Segment Start: Dataset content

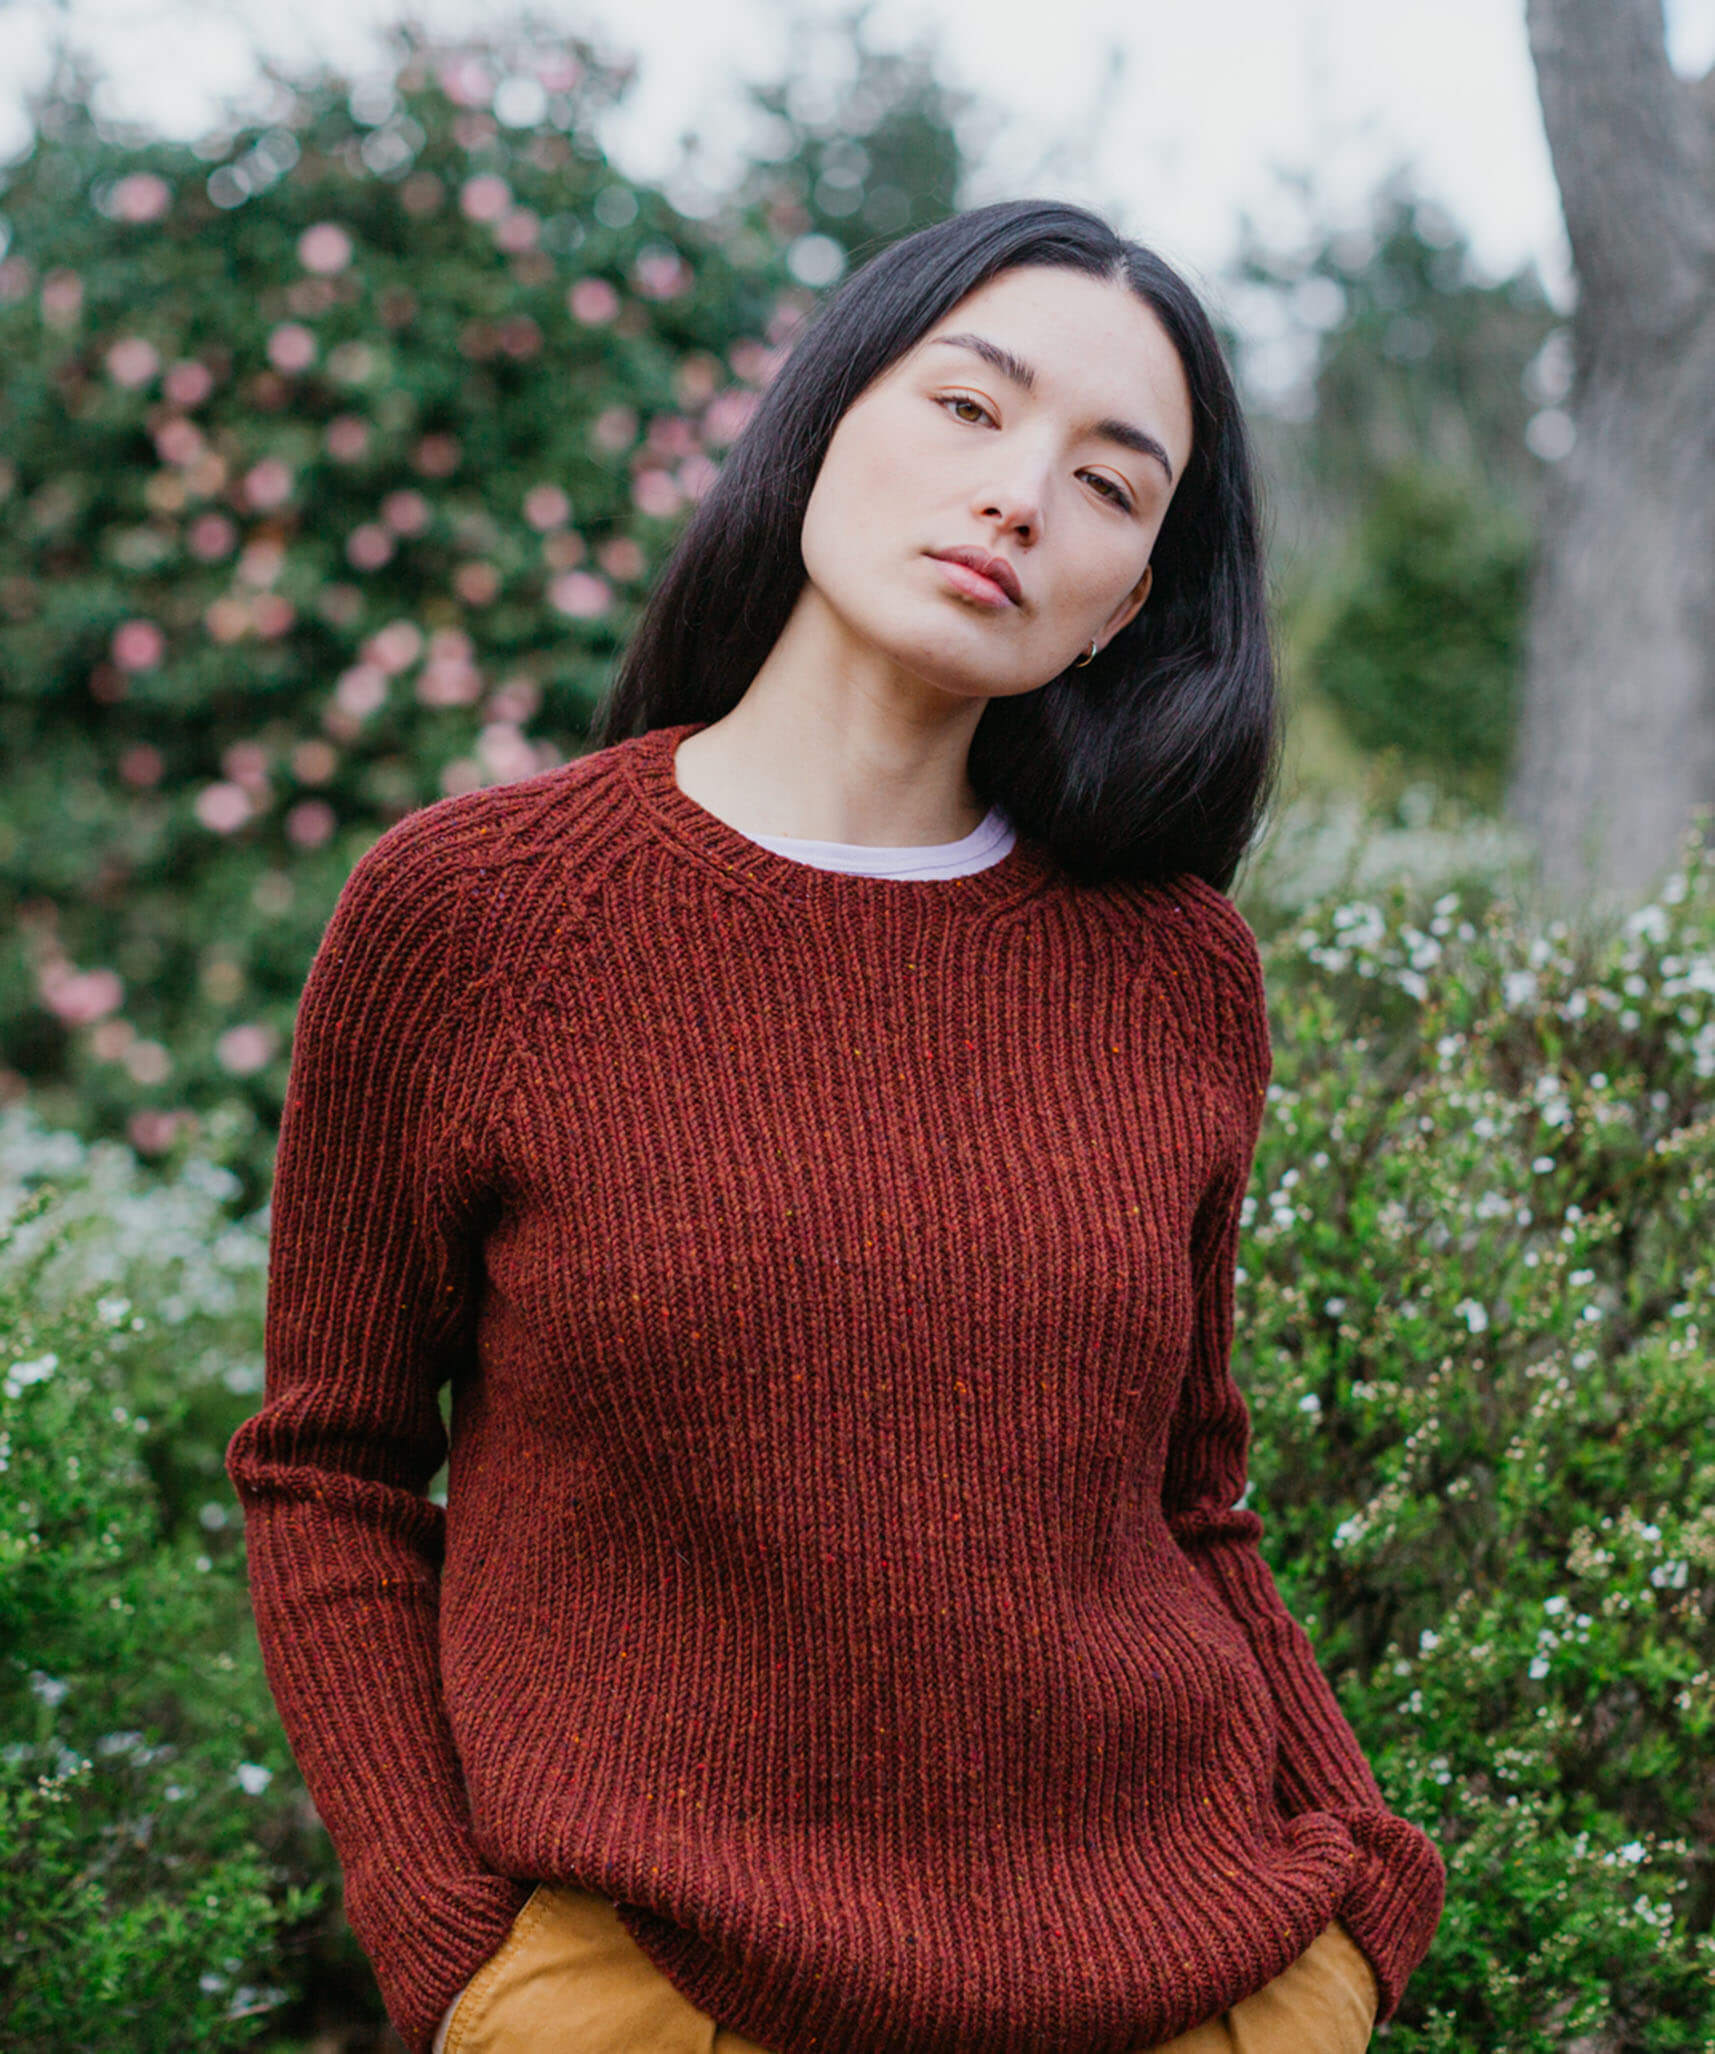 Scarlet - Sweater, Patterns
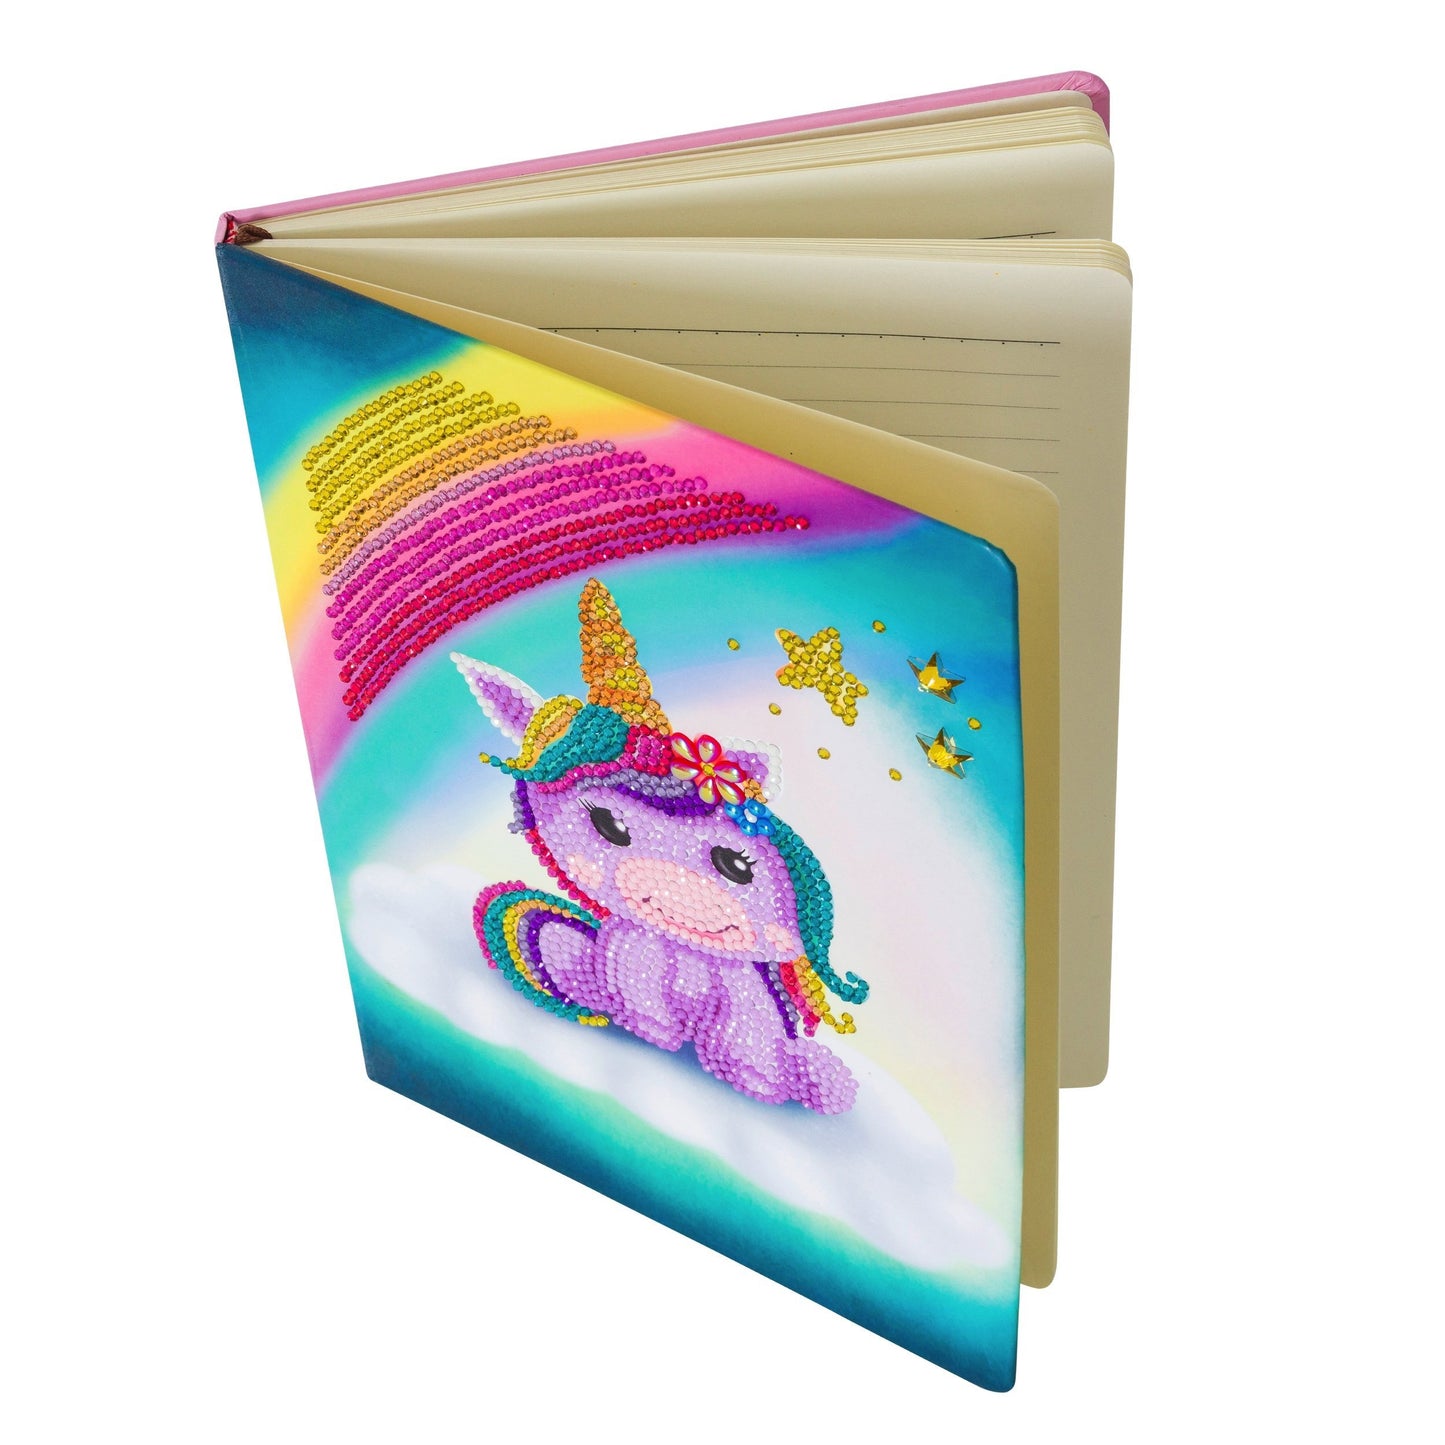 CANJ-3 "Unicorn Smile" Crystal Art Notebook Kit, 26 x 18cm
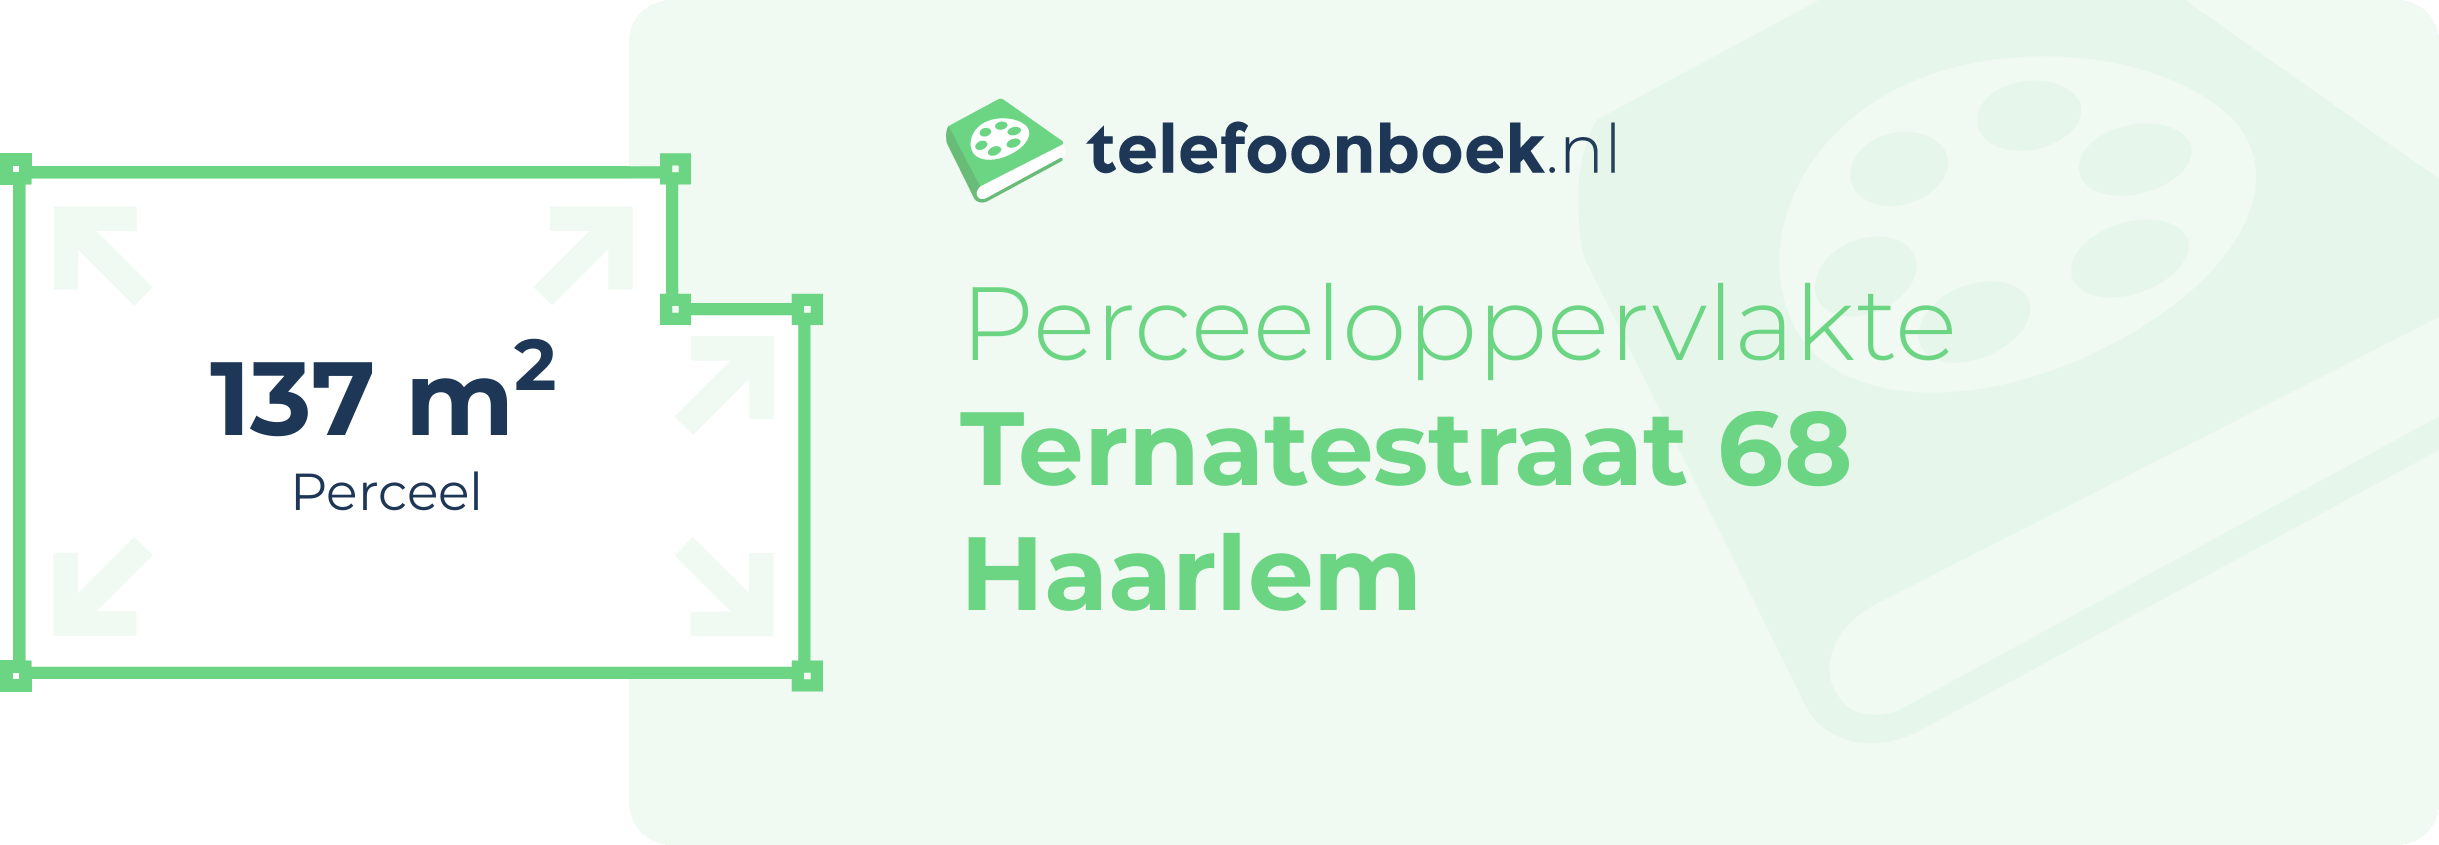 Perceeloppervlakte Ternatestraat 68 Haarlem

Segment End: Dataset content

**Goal of the exercise**
The lines above should be transcribed exactly, with every image removed.

**Task output**
 Scarlet - Sweater, Patterns
 CANJ-3 "Unicorn Smile" Crystal Art Notebook Kit, 26 x 18cm
 Perceeloppervlakte Ternatestraat 68 Haarlem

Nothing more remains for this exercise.